Keywords: Malaria, Epidemiology, Transmission, Control, Prevalence, Zimbabwe
Background
Reductions in the burden of malaria have been reported throughout sub-Saharan Africa following the scale up of interventions under the Roll Back Malaria Partnership, the Global Fund to Fight AIDS, Tuberculosis and Malaria, The President’s Malaria Initiative and other public-private partnerships [1]. While these interventions contributed to the decline in malaria burden in many countries, the impact has not been universal, both within and between countries [1,2]. Within southern Africa, wide heterogeneity exists in the burden of malaria following the scale up of malaria control measures. Understanding why there has been sustained malaria reduction in some areas while in others these interventions have not had the same impact is critical to extending locally adapted malaria control efforts, developing new control strategies and achieving malaria elimination in southern Africa.
Reductions in malaria incidence in some cases pre-dated the introduction of widespread intervention efforts [1,3], suggesting that other as yet uncharacterized factors are responsible for the reduction in malaria transmission. Multidisciplinary research to ascertain what such factors may be and their relative contribution to the declining burden of malaria is imperative to ensure the effectiveness and sustainability of malaria control and elimination efforts.
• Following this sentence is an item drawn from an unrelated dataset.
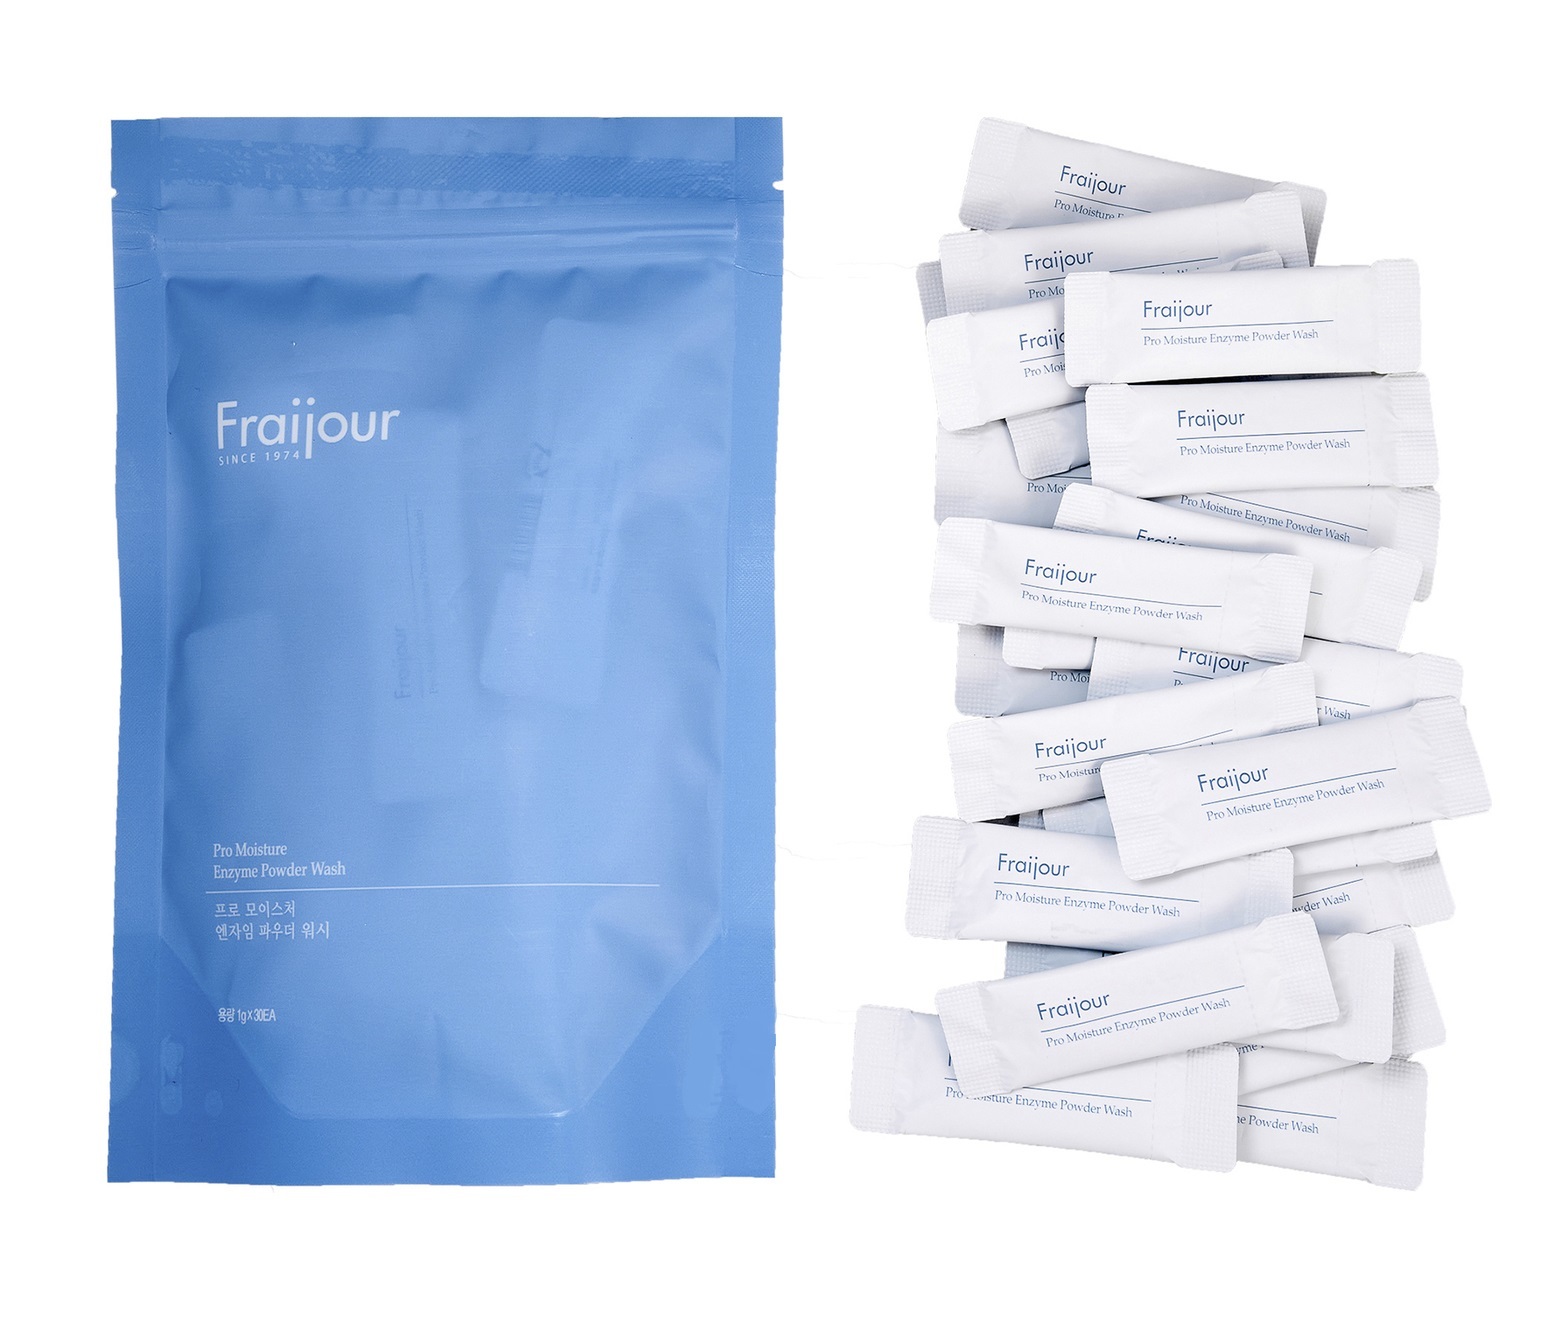 Пудра очищающая энзимная Pro moisture enzyme powder wash, 30шт*1г Fraijour wish formula пудра для лица энзимная очищающая для умывания

The International Centre of Excellence for Malaria Research (ICEMR) in southern Africa aims to better understand the malaria epidemiology, vector biology and parasite genomics in three contrasting epidemiological settings of malaria transmission in Zambia and Zimbabwe [4,5]. A survey was conducted of reported malaria cases and control interventions in Mutasa District, eastern Zimbabwe to better understand trends in the burden of malaria and their temporal relationship to control activities.
Methods
Study area and population
Mutasa District has a population of approximately 180,000 persons and is located in a mountainous area of Manicaland Province in eastern Zimbabwe bordering Mozambique. The altitude ranges from less than 600 to more than 1,600 m above sea level. The low-lying regions of the district, called the Honde Valley, are endemic for malaria and encompass the valleys of the Honde and Pungwe rivers.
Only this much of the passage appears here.